The React components under web/src/components/ are wired to these service modules via the HTTP API. A few relevant ones for monitoring:

  • Dashboard/SystemStatus.tsx, SystemStatusPanel.tsx, SystemStatusSubtab.tsx
  • Dashboard/MonitoringLogsPanel.tsx, Dashboard/MonitoringSubtab.tsx
  • Analytics/Tracing.tsx, Analytics/Usage.tsx, Analytics/Performance.tsx
  • Evaluation/TraceViewer.tsx, Evaluation/HistoryViewer.tsx

They don't talk to Prometheus or Loki directly.

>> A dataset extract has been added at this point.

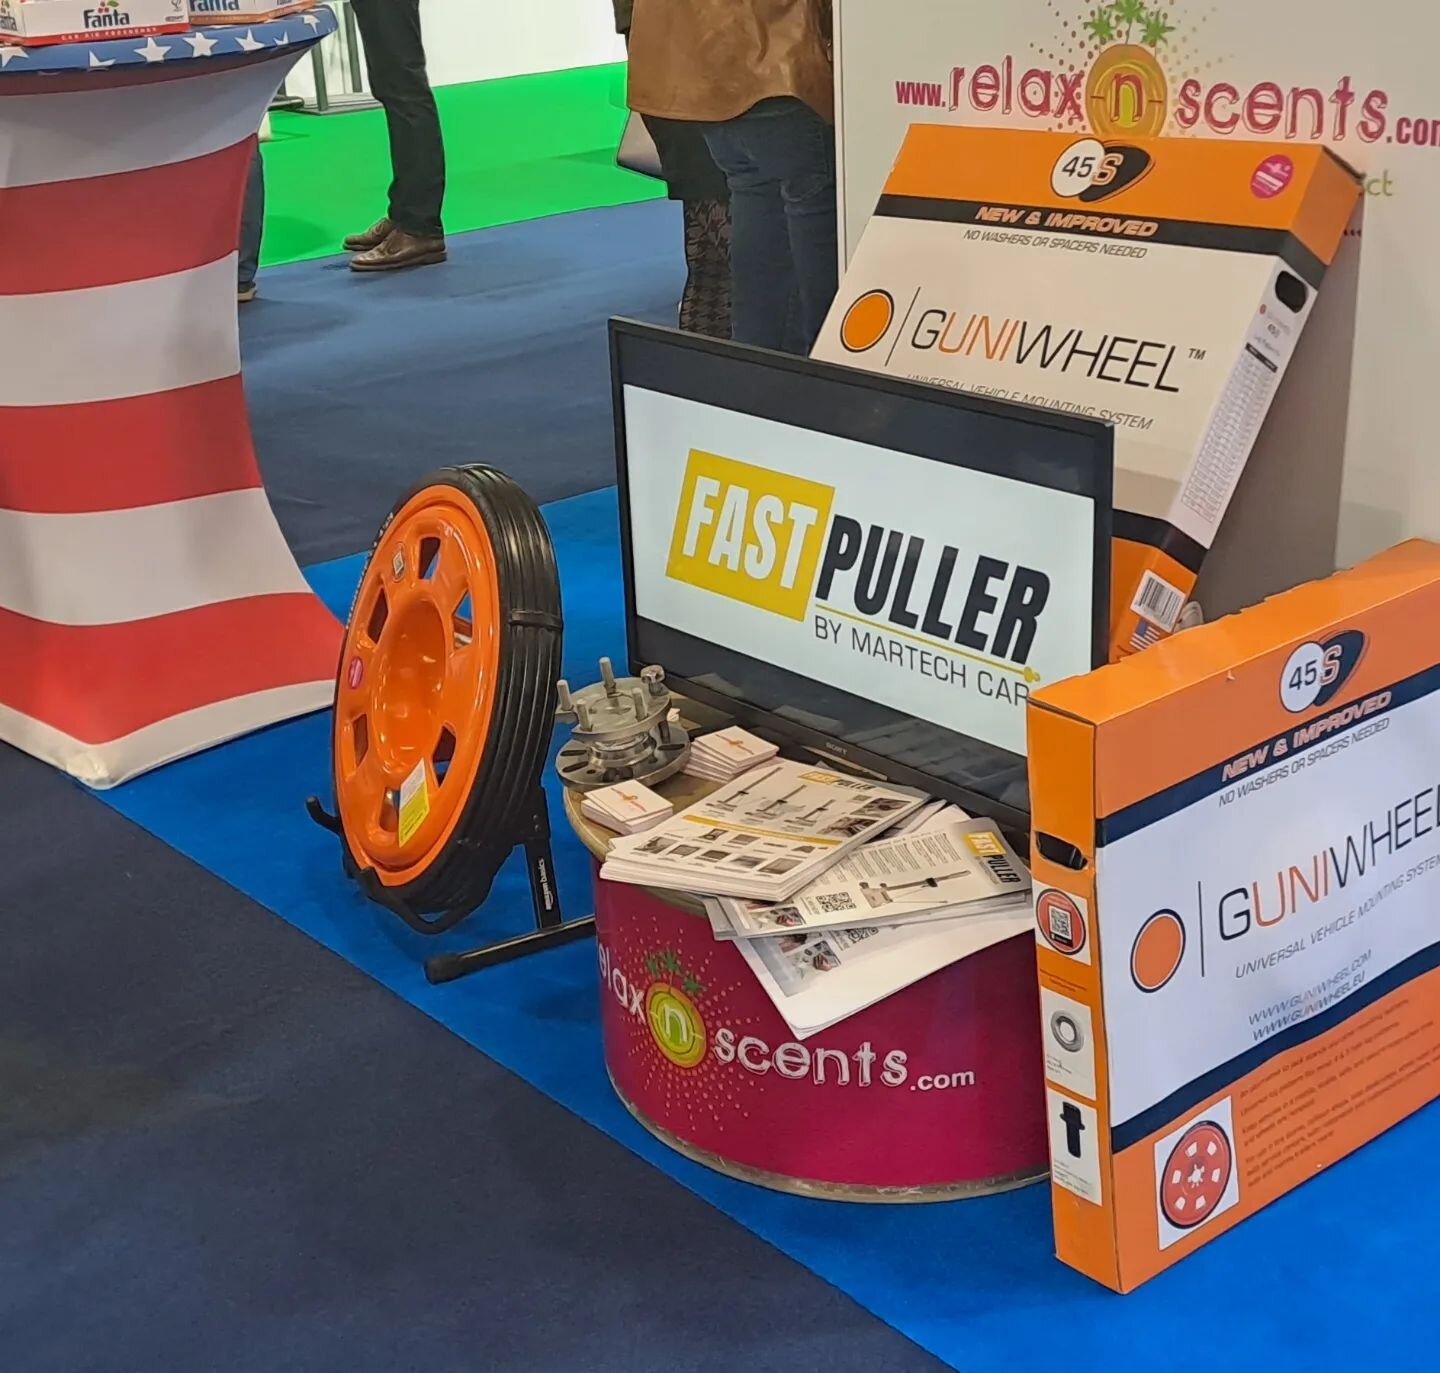 Come to visit us #autotechnicabrussels at Hall 7, @relaxnscents booth. We are waiting you! 🤗

#GUNIWHEEL #guniwheeleurope #tradeshow #brussel #bodyshop #workshop

Instead, they:

  • Call AGRO's HTTP endpoints (documented in api/endpoints.md)
  • Render whatever the service layer returns
  • Let you drill into traces, index stats, and evaluation runs without needing to know where files live on disk

Running with and without the full monitoring stack

You can run AGRO in a few different modes:

  1. Just AGRO, no external monitoring

  2. Only AGRO's own HTTP APIs and file-based traces are used

  3. Useful for local experiments or CI jobs

  4. AGRO + Prometheus + Grafana

  5. Prometheus scrapes AGRO's /metrics endpoint and any sidecars

  6. Grafana dashboards read from Prometheus
  7. Loki can tail logs from docker-compose or your own logging setup

  8. AGRO + external observability (your own stack)

  9. You can ignore the bundled compose file and point your own Prometheus / Grafana / Loki at AGRO's endpoints and log files

The important part is that AGRO itself doesn't care which of these you choose. The service layer always exposes the same:

  • Indexing status
  • Keyword stats
  • Traces
  • RAG query telemetry

The monitoring stack just decides how much of that you want to aggregate and visualize.

Debugging monitoring issues

A few practical tips if something looks off in the UI:

Check the config registry first

  • Hit the Admin → General tab and inspect the effective values
  • Make sure REPO, OUT_DIR, and any monitoring-related keys are what

you expect

Look at the raw traces

  • Go to out/<repo>/traces/ and open the latest JSON file
  • If the UI trace viewer is blank but files exist, it's probably a frontend bug, not a backend one

Check index status from the API

  • Use curl or the CLI to hit the indexing status endpoint
  • If _INDEX_STATUS never updates, the indexer subprocess may be failing early – check logs under out/<repo>/logs/ or your Docker logs

If you run into something that isn't covered here, remember that AGRO is indexed on itself. Go to the chat tab and ask it about server/services/config_registry.py, server/services/indexing.py, or any other module – the RAG engine will happily walk you through the code.